**Information supplied**

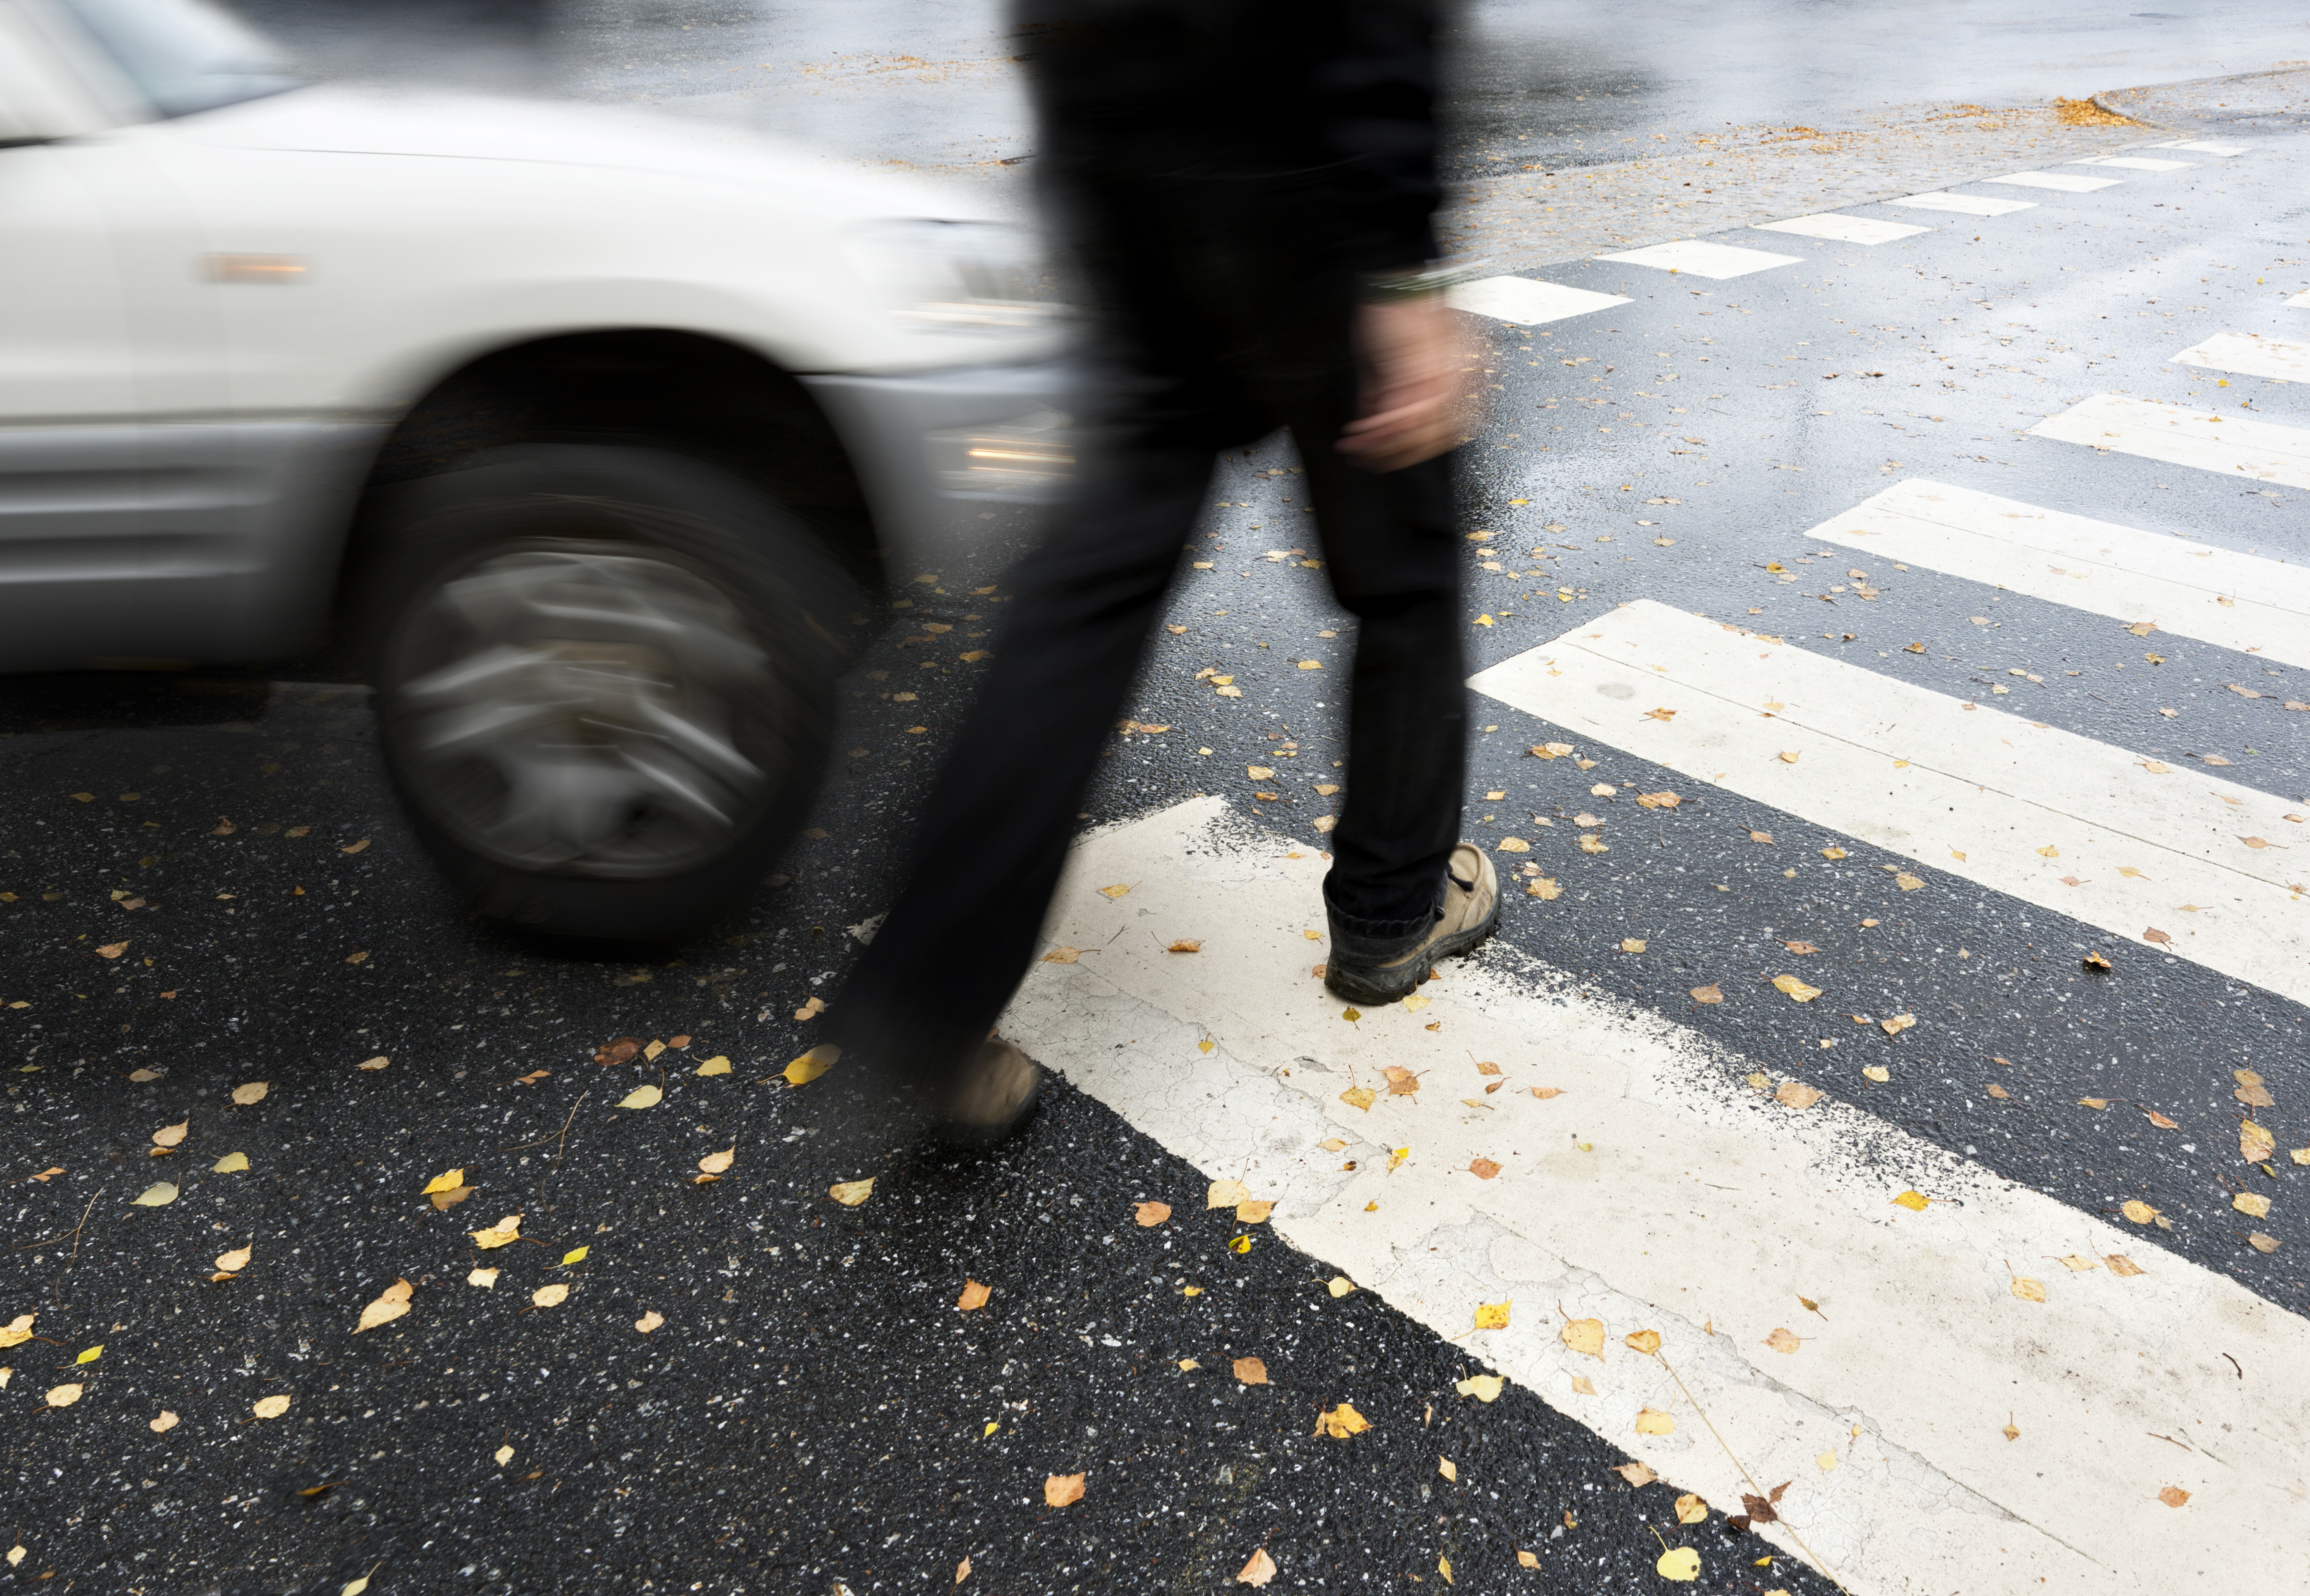 Ford drivers could get alerts from nearby pedestrians’ phones
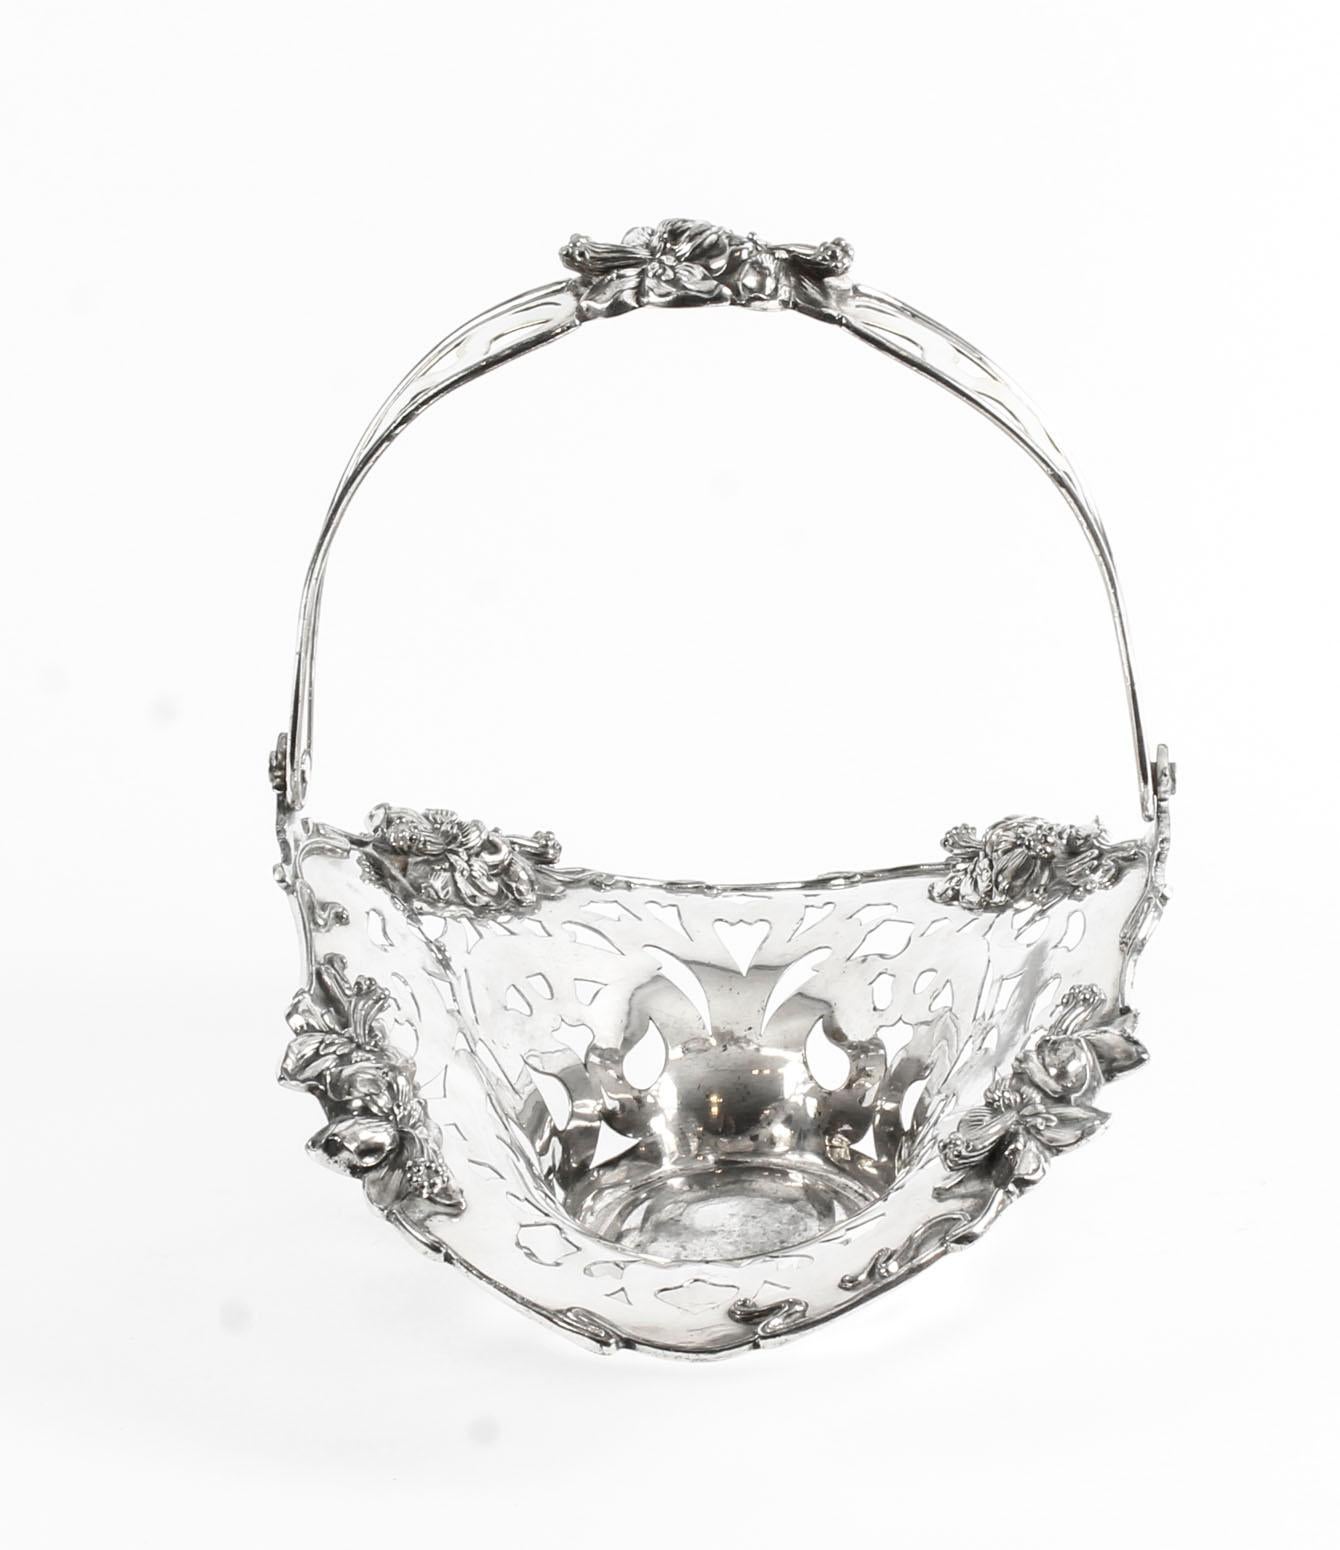 Early 20th Century Antique American Silver Plated Fruit Basket The Meriden Silver Plate Co. 1904
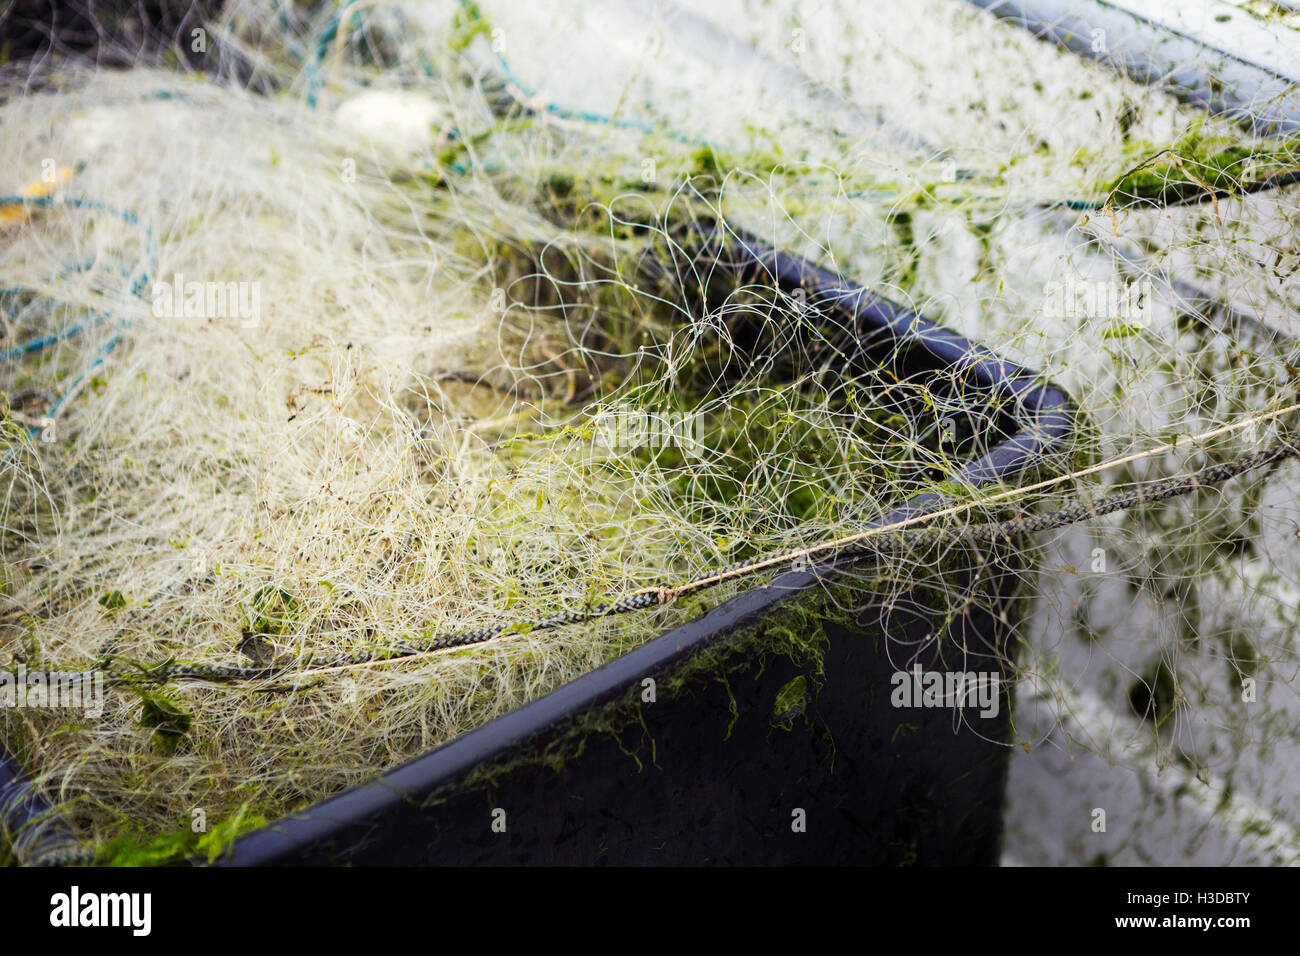 Fishing nets in a black plastic crate Stock Photo - Alamy

**What you will do**
Write out the data above exactly, minus any images.

**Result of the exercise**
 Ford drivers could get alerts from nearby pedestrians’ phones
 Early 20th Century Antique American Silver Plated Fruit Basket The Meriden Silver Plate Co. 1904
 Fishing nets in a black plastic crate Stock Photo - Alamy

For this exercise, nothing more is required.